I'm trying to remember where I'd heard of Wallace Stegner before. Maybe I just vaguely remember his name from the list of Pulitzer Prize-winners (which he won for Angle of Repose, back when I was planning to read all of them [which I still might do, eventually]), but several of my aunts recommended Crossing to Safety when I asked for recommendations on Facebook and his name was recognizable enough that I wanted to check out this book as one of the first from that massive list. And I'm very happy I did--this book was a beautiful read and such a realistic look into friendships that I thoroughly enjoyed my time reading it. I didn't expect it to be one that I plowed through in a day or two, but I didn't really want to put it down after I got into the story. I was telling Tommy how I automatically sort the books I'm reading in my head into Good Literature and not good literature--just based on the quality of the writing style, basically, and how "serious" and worthy the book feels, and this definitely fell into the Good Literature category. (I love reading both types, obviously, but I love the feeling of reading high quality books that are beautifully written because it just feels enlightening and uplifting and educational even as I enjoy myself.)
The description on the back of the book is really true to what is in the book, but it totally falls flat in describing what the book is really about: "Tracing the lives, loves, and aspirations of two couples who move between Vermont and Wisconsin, it is a work of quiet majesty, deep compassion, and powerful insight into the alchemy of friendship and marriage." The couples are Larry and Sally Morgan (Larry is the narrator, and a writer himself), and Sid and Charity Lang, and the book tells the story of how they meet each other and become best friends, and the duration of their friendship over decades. So, yes, yes, it does have all that it says on the back of the book--but that doesn't encapsulate how true this book rings to real life. What I really loved was how the conversations between the characters felt so realistic, particularly those between the married couples, and how Stegner builds the relationships between the characters so gradually and so flawlessly, without telling you everything but showing you how things lay between them through their interactions. I also liked how the storyline was so un-flashy--there were no dramatic affairs or violence or any huge fireworks that are supposedly what you need to build your plot around as a writer; this was just everyday life, where friends are made so strongly and then slowly drift apart over time but still love each other fiercely. I associated so strongly with some parts of the story, like the dinner party where Sid and Charity and Larry and Sally really fall in "love" as friends, where they keep talking till the wee hours of the morning because they feel like they have found bosom friends in this other couple--whatever Stegner did to write that, I felt it and I recognized it because I have been at parties like that where you can talk about anything and you are all totally in your element and you know you are making great friends. And later, when you can just feel the strain between the parties because of who-knows-what has come between them--I can recognize that too (even without decades knowing friends!) and it all resonated strongly with me.

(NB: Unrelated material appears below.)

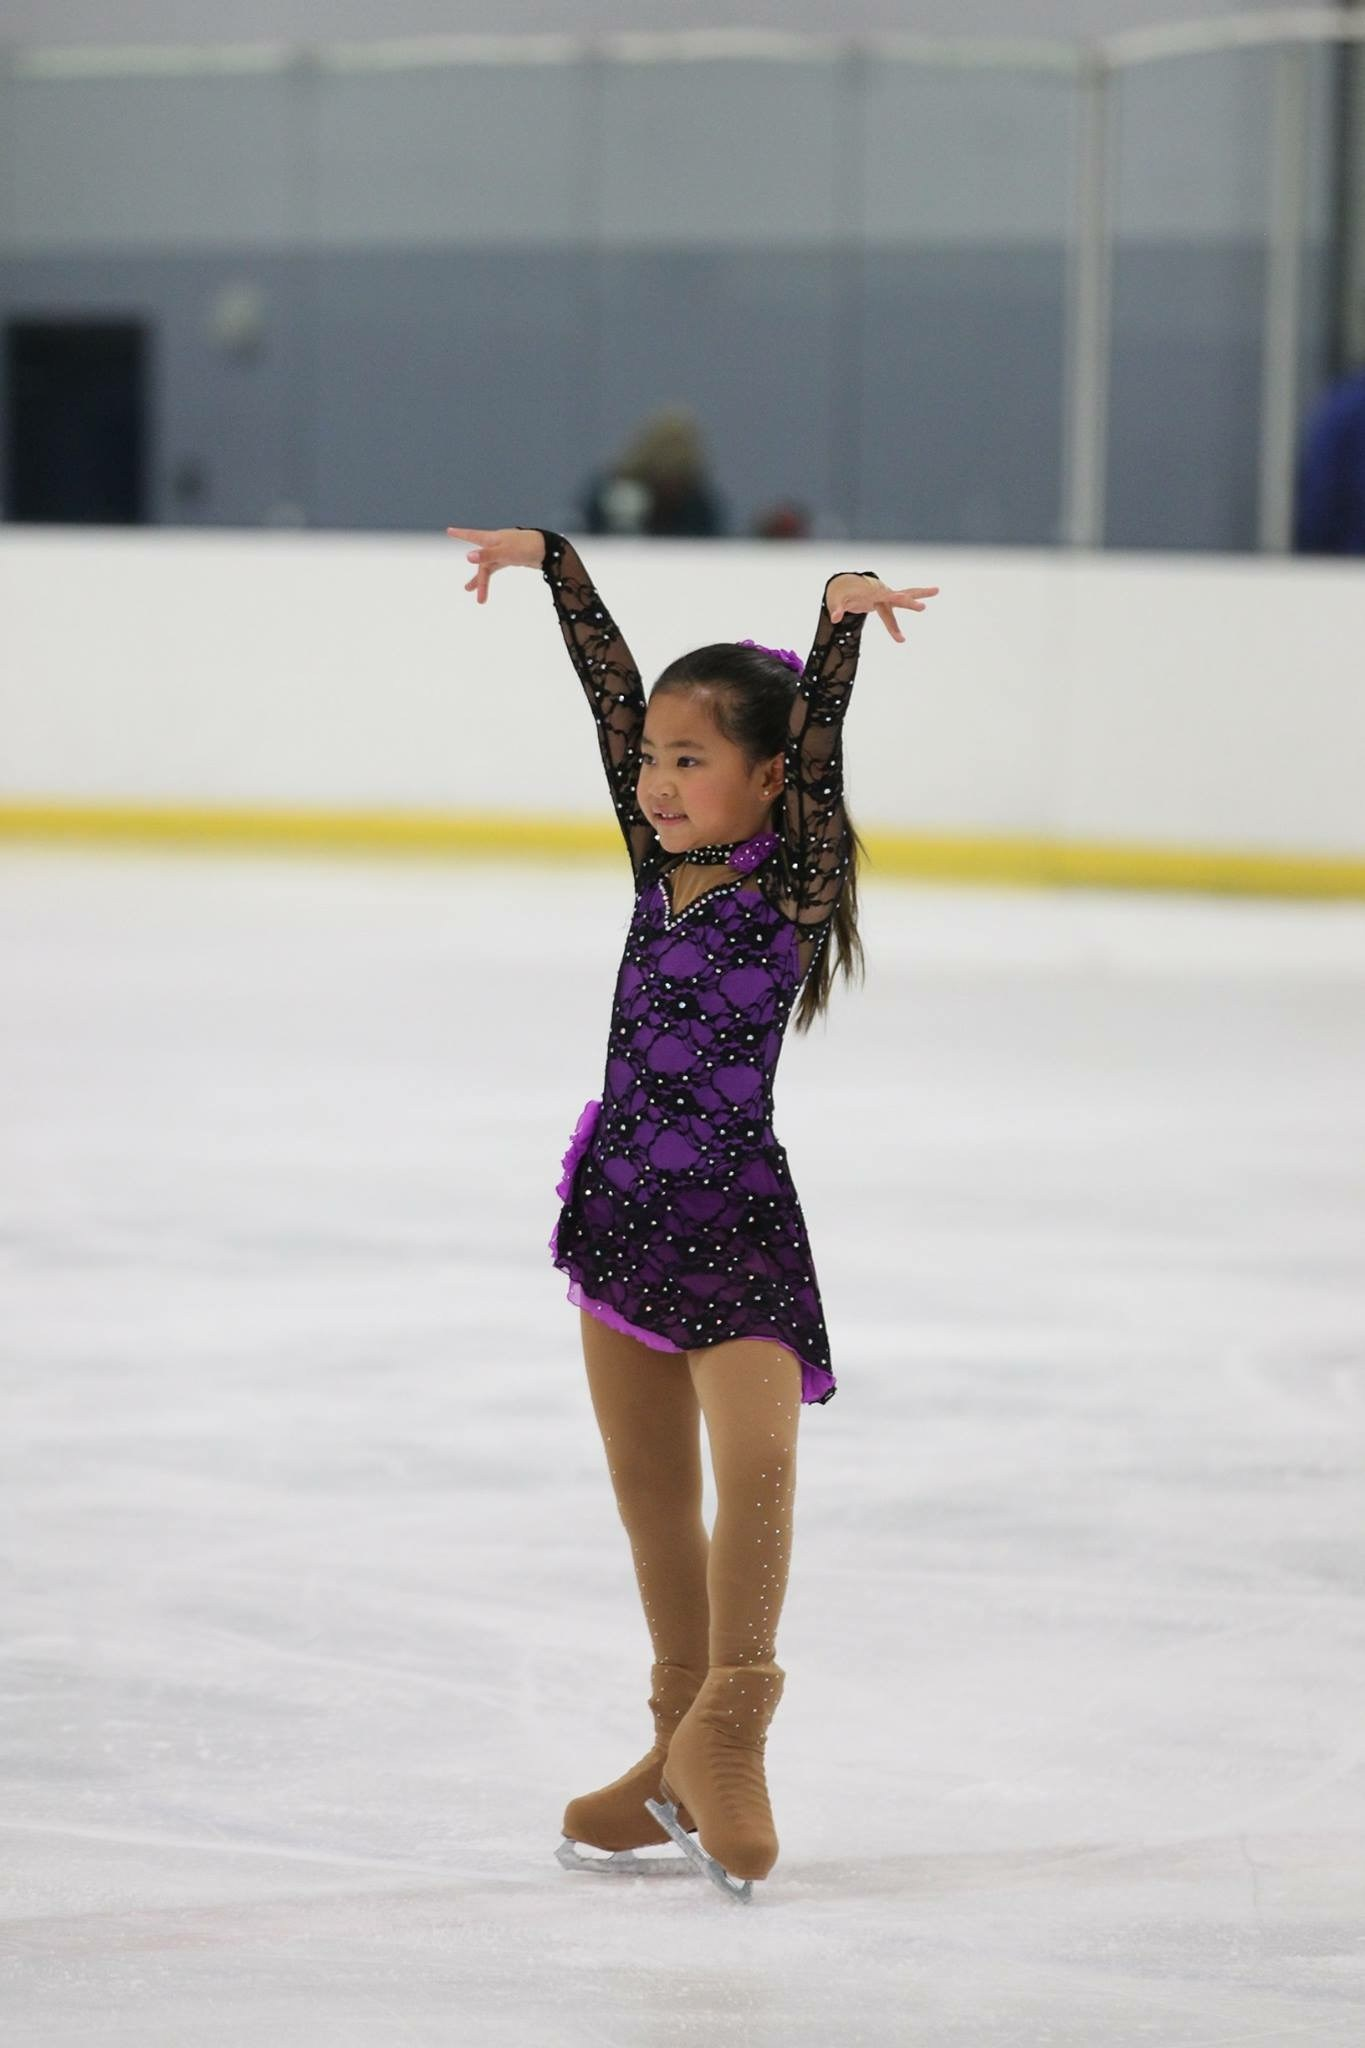 Student ice skating
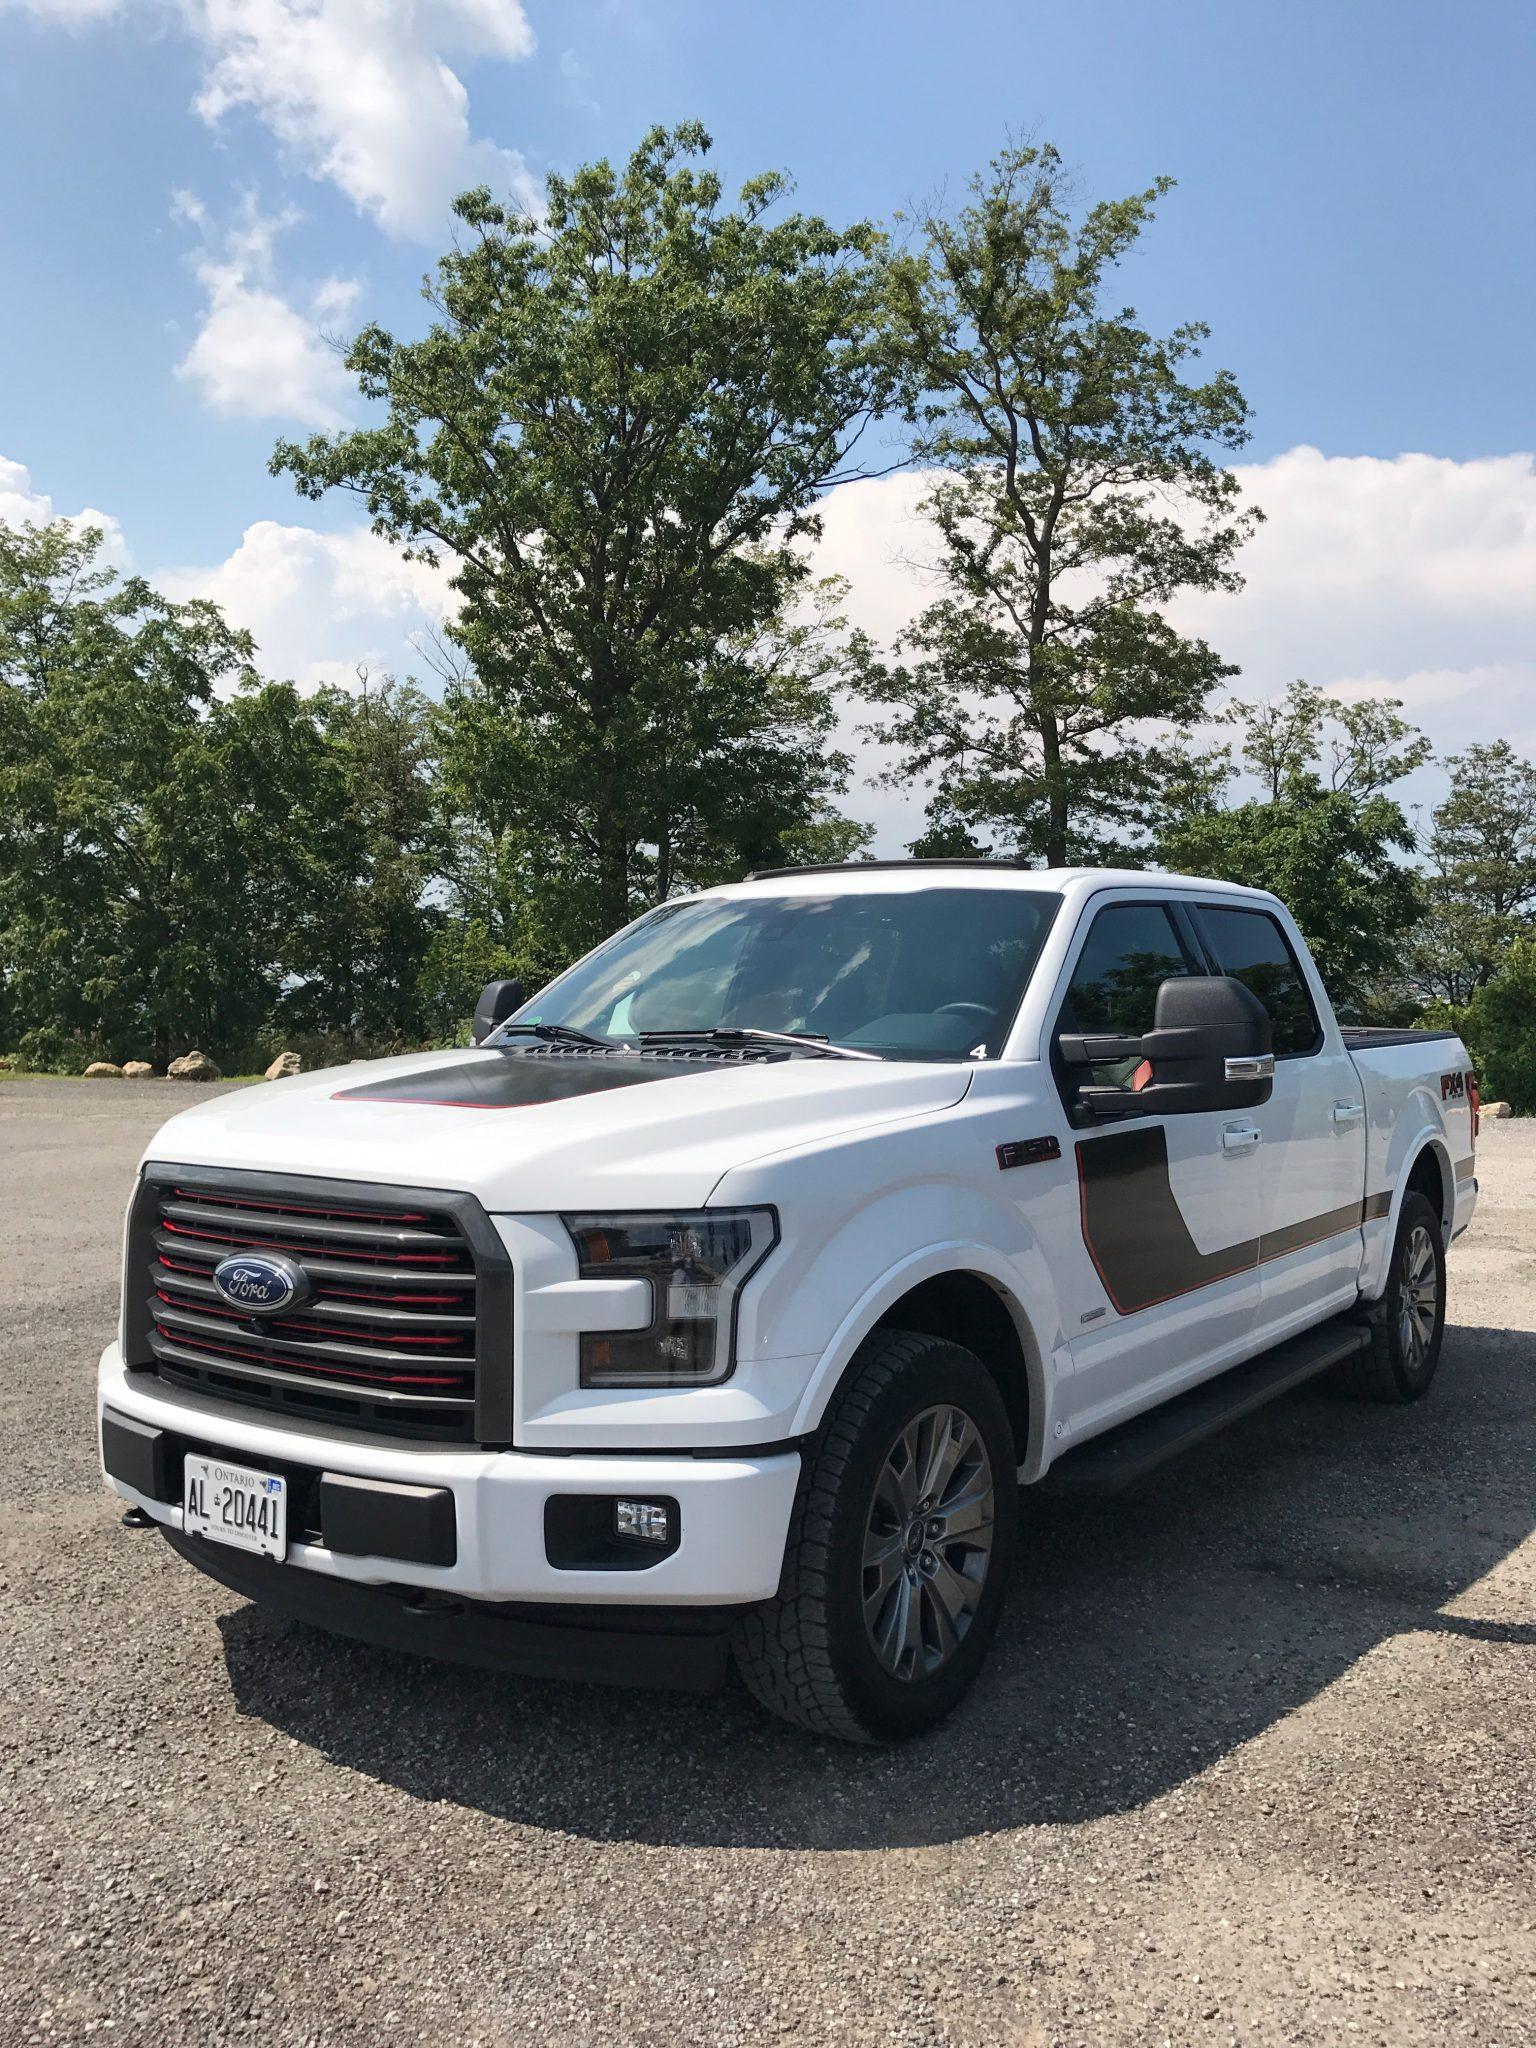 Ford Canada Road Trip sparkleshinylove

The narrator says, about his friends, "I didn't know myself well, and still don't. But I did know, and know now, the few people I loved and trusted. My feeling for them is one part of me I have never quarreled with, even though my relations with them have more than once been abrasive" (12). And that's basically what the story is about--being friends through thick and thin, through coming to know all of each other's faults, through lean times where you stay away.